**WHAT THIS TASK INVOLVES:**
Everything from the line that contains "Респіратор маска Хімік-2" to the final line of the data, both ends included, must be set down exactly, apart from the pictures.

**SUPPLIED DATA:**
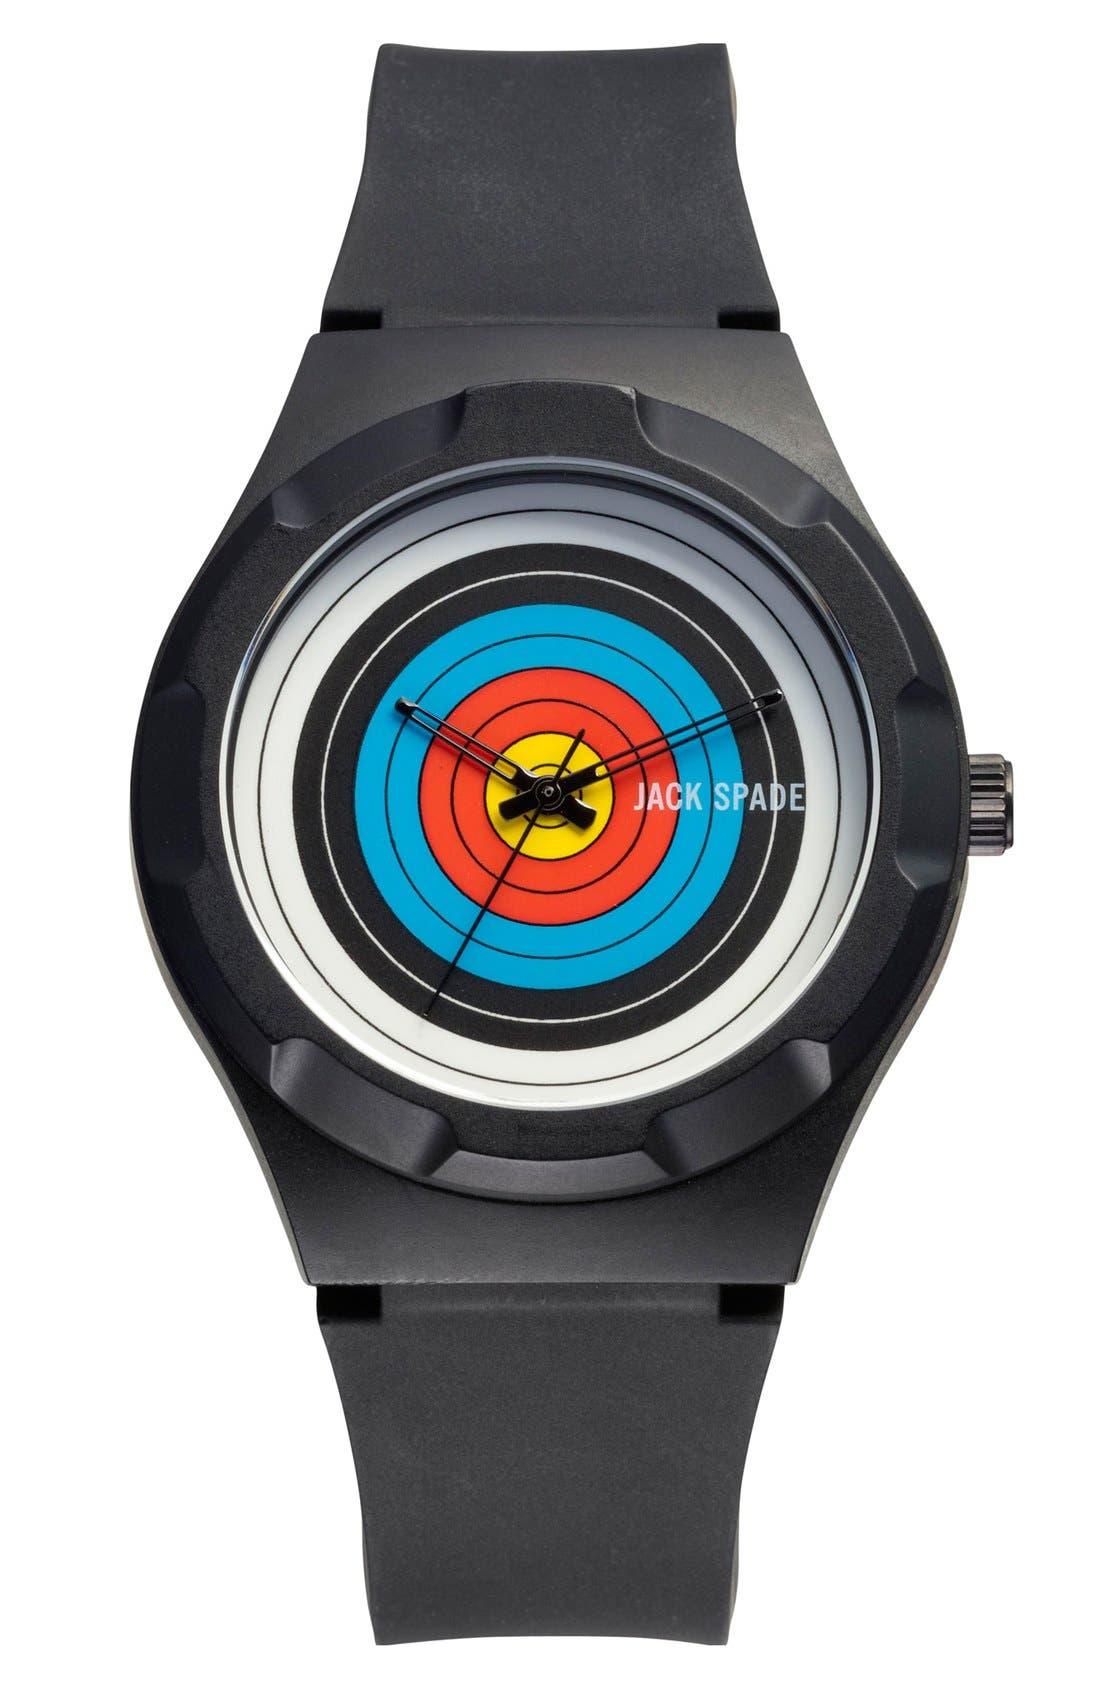 Main Image - Jack Spade 'Graphic - Archery' Round Watch, 38mm
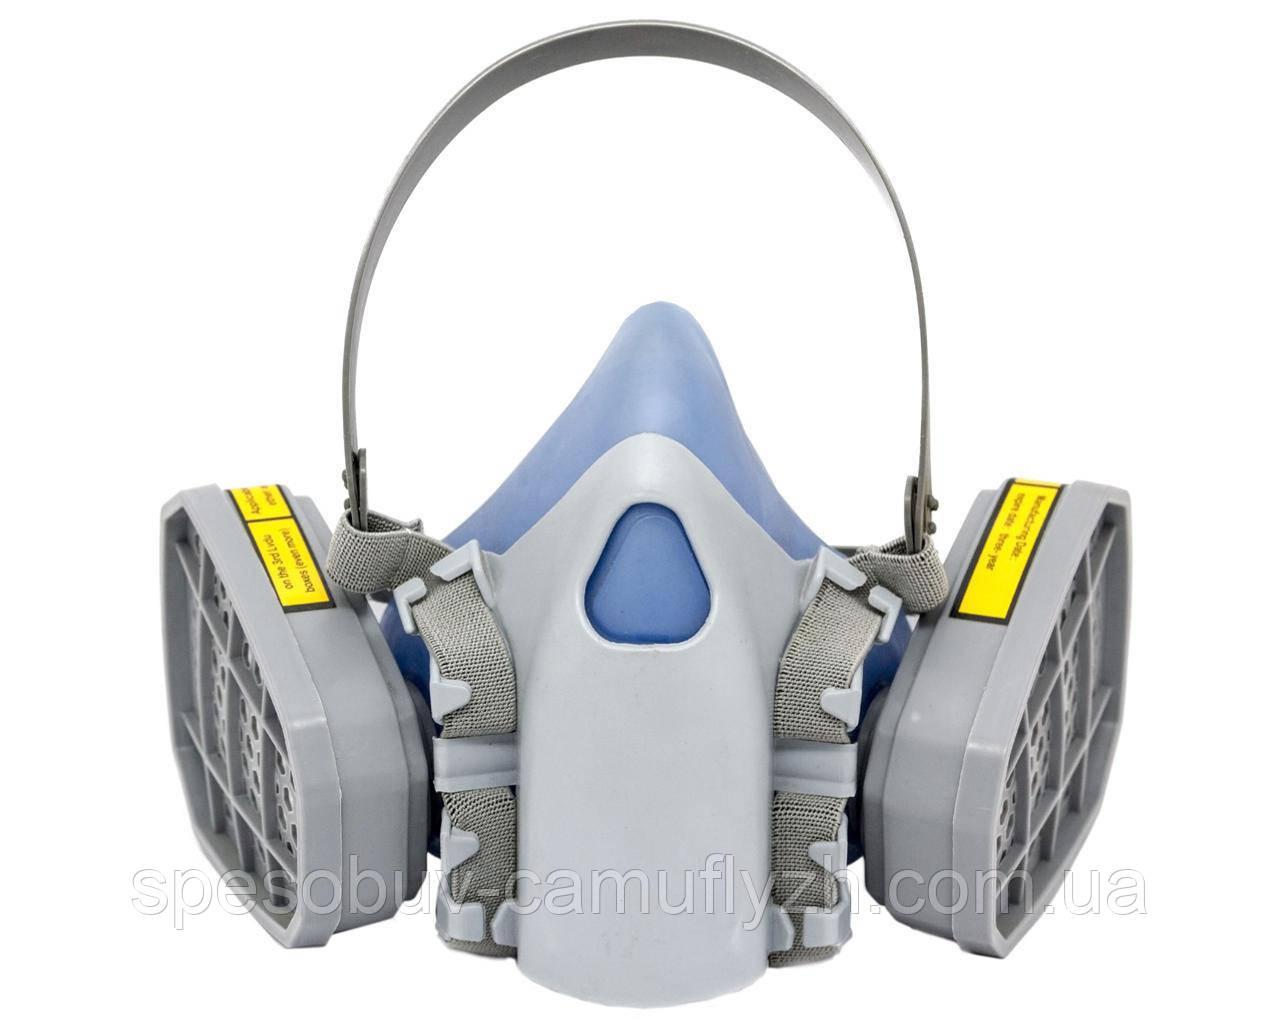 Респіратор маска Хімік-2 з двома фільтрами А1 (аналог 3М 7500) клас захисту FFP2
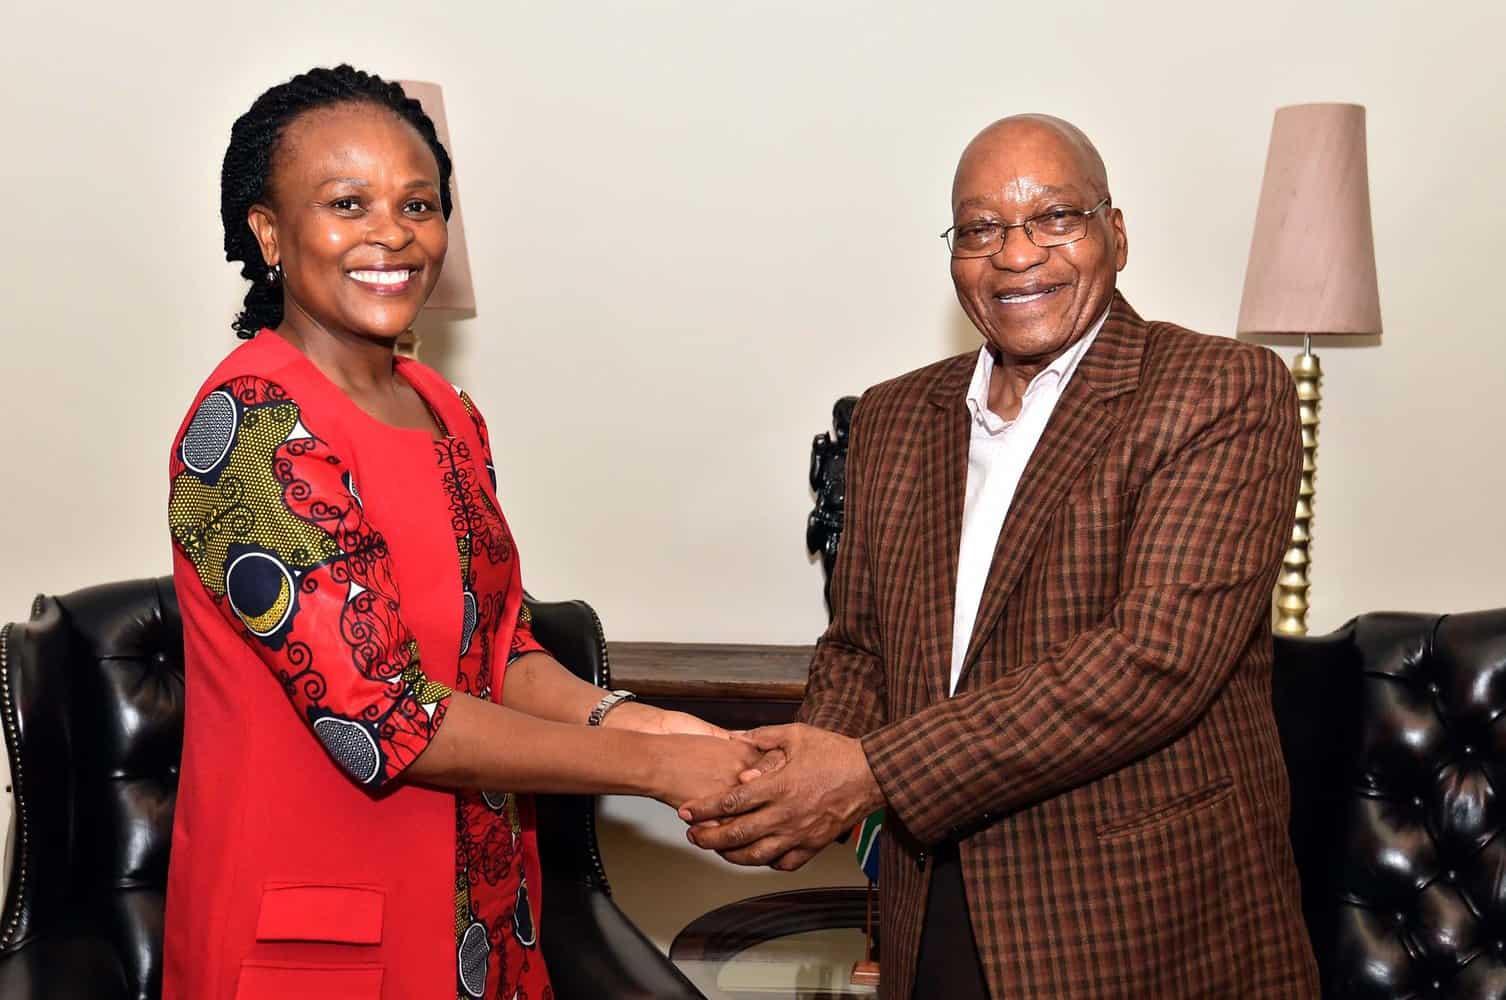 Former president Jacob Zuma and Public Protector Busisiwe Mkhwebane

**RESPONSE AREA:**
 Респіратор маска Хімік-2 з двома фільтрами А1 (аналог 3М 7500) клас захисту FFP2
 Former president Jacob Zuma and Public Protector Busisiwe Mkhwebane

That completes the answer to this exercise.